EV Energy Partners, L.P. announced that on January 31, 2017, it closed on an acquisition of Eagle Ford oil and natural gas properties in Karnes County, TX for $58.7 million (before post-closing purchase price adjustments). Additionally, the Partnership announced the divestiture of a portion of its Barnett Shale natural gas properties for $52.1 million (before post-closing purchase price adjustments). Proceeds from the Barnett Shale divestiture, which closed on December 1, 2016, were deposited into a 1031 ‘like-kind' exchange account. The acquisition was funded with $52.1 million of proceeds from the 1031 ‘like-kind' exchange account and $6.6 million of borrowings under the Partnership's revolving credit facility.
As part of the Eagle Ford acquisition, EVEP acquired a 5.8 percent working interest in 9,151 gross acres (529 net acres) in Karnes County, TX from a third party.
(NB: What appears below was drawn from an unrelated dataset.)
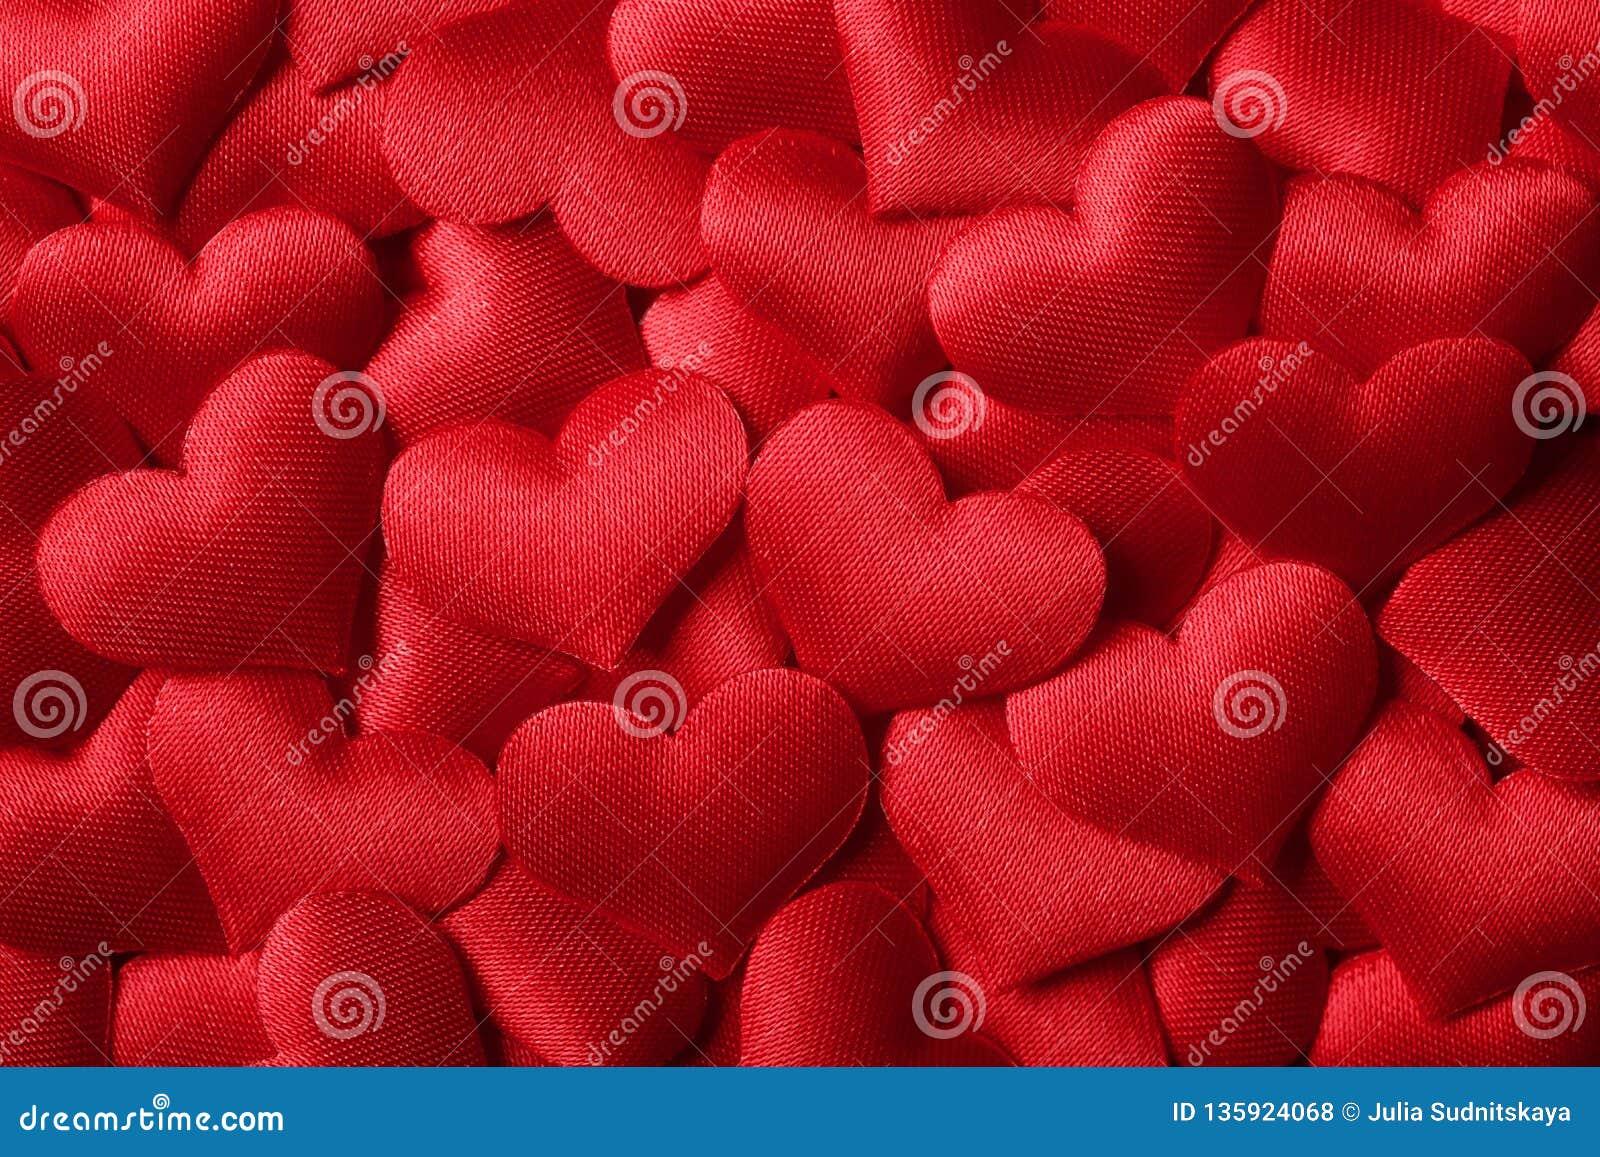 Предпосылка дня Валентайн с красными сердцами
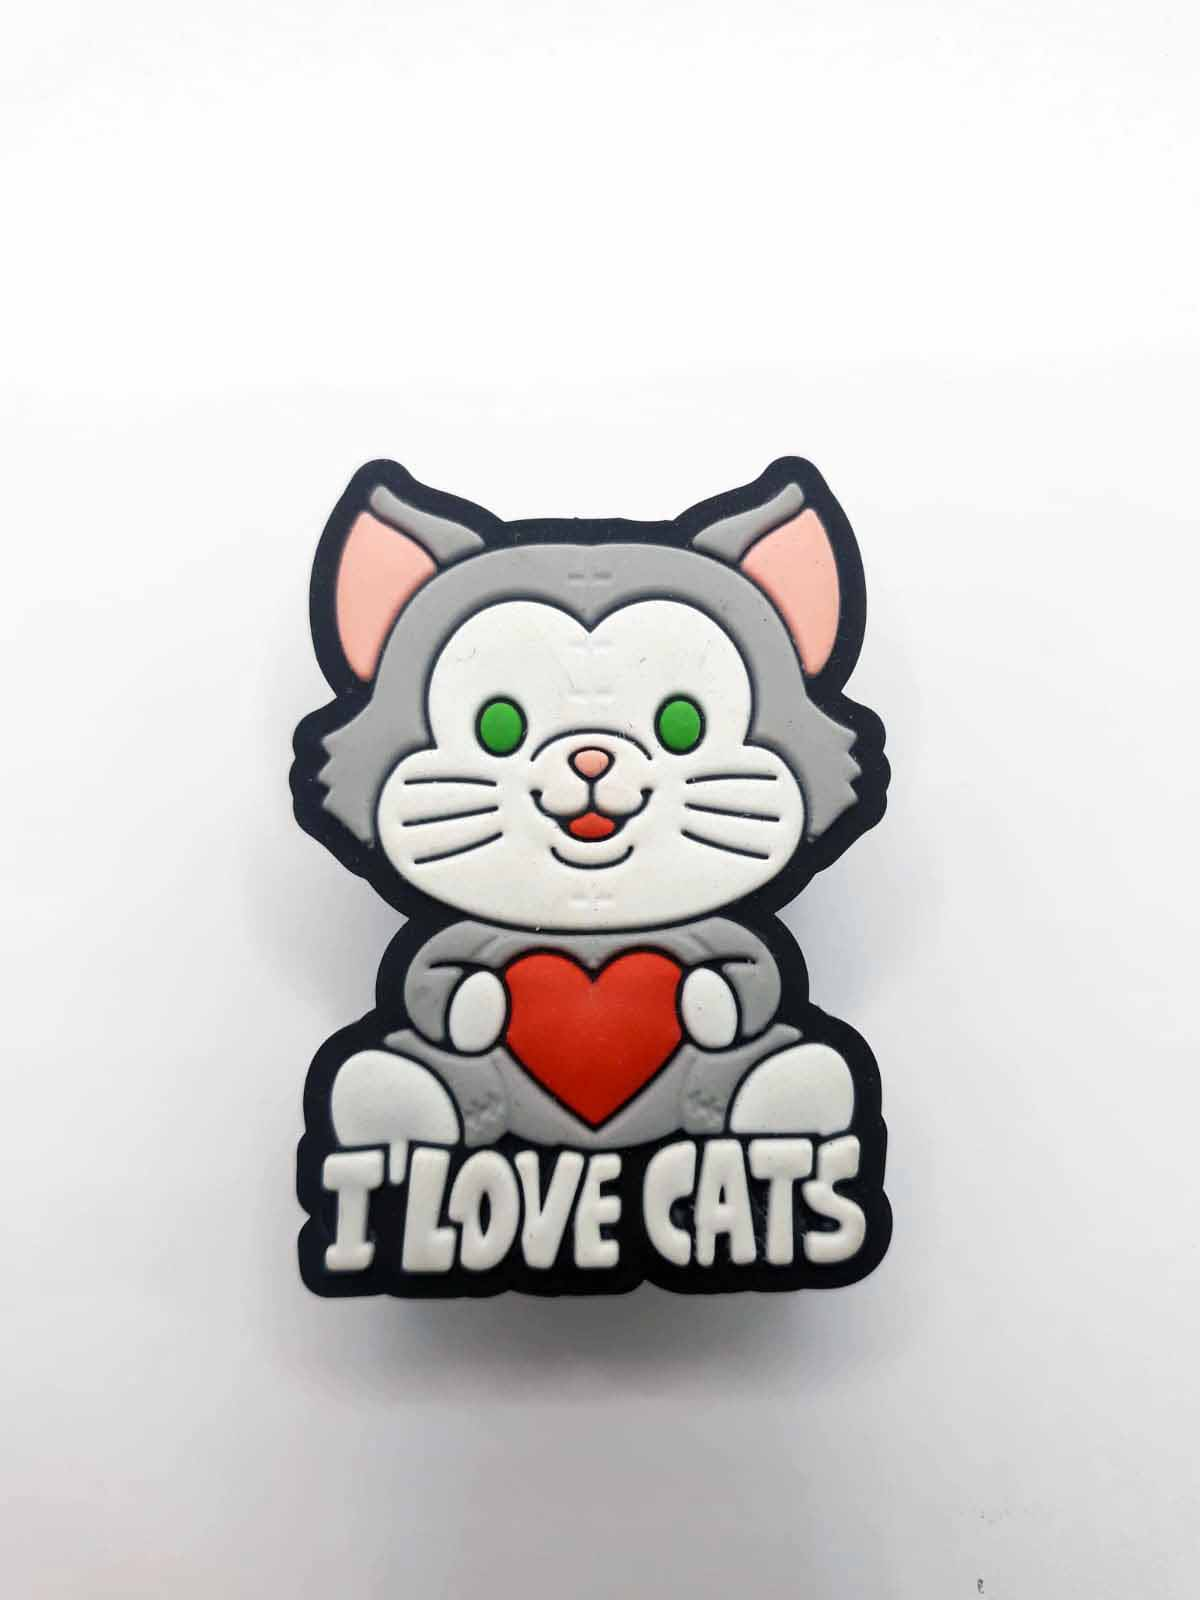 Puxador gaveta infantil emborrachado I LOVE CATS

Certain EnerVest Institutional Partnerships (EnerVest) own an 87 percent working interest in and EnerVest acts as operator of the properties.
- Includes Eagle Ford and Austin Chalk reserves and drilling opportunities
- Estimated proved reserves of approximately 6.4 Mmboe and probable reserves of 1.3 Mmboe, net to EVEP (based on recent strip prices)
- 22 percent proved developed and 61 percent crude
- Current net daily production of approximately 1.0 Mboepd (73 percent crude)
- Over 200 economic, scalable and repeatable proved and probable horizontal drilling opportunities
- Additional possible drilling locations
- Attractive drilling economics at current strip prices
- Significantly higher margins and higher cash flow from acquired Eagle Ford Shale properties as compared to the divested Barnett Shale properties (based on recent strip prices)
The Partnership's Barnett Shale divesture represented estimated proved reserves of 94.6 Bcf of dry gas (based on recent strip prices) and approximately 13.0 Mmcfpd of natural gas production. Based on year end 2015 SEC proved reserves, the divested properties represented 16 percent of EVEP's existing Barnett position.
"We are pleased to complete this tax efficient sale and subsequent acquisition of properties. We believe that this position in the Eagle Ford Shale affords many attractive, self-funding, near term drilling opportunities and will increase our crude production by approximately 25 percent in 2017," stated Michael Mercer, President and Chief Executive Officer.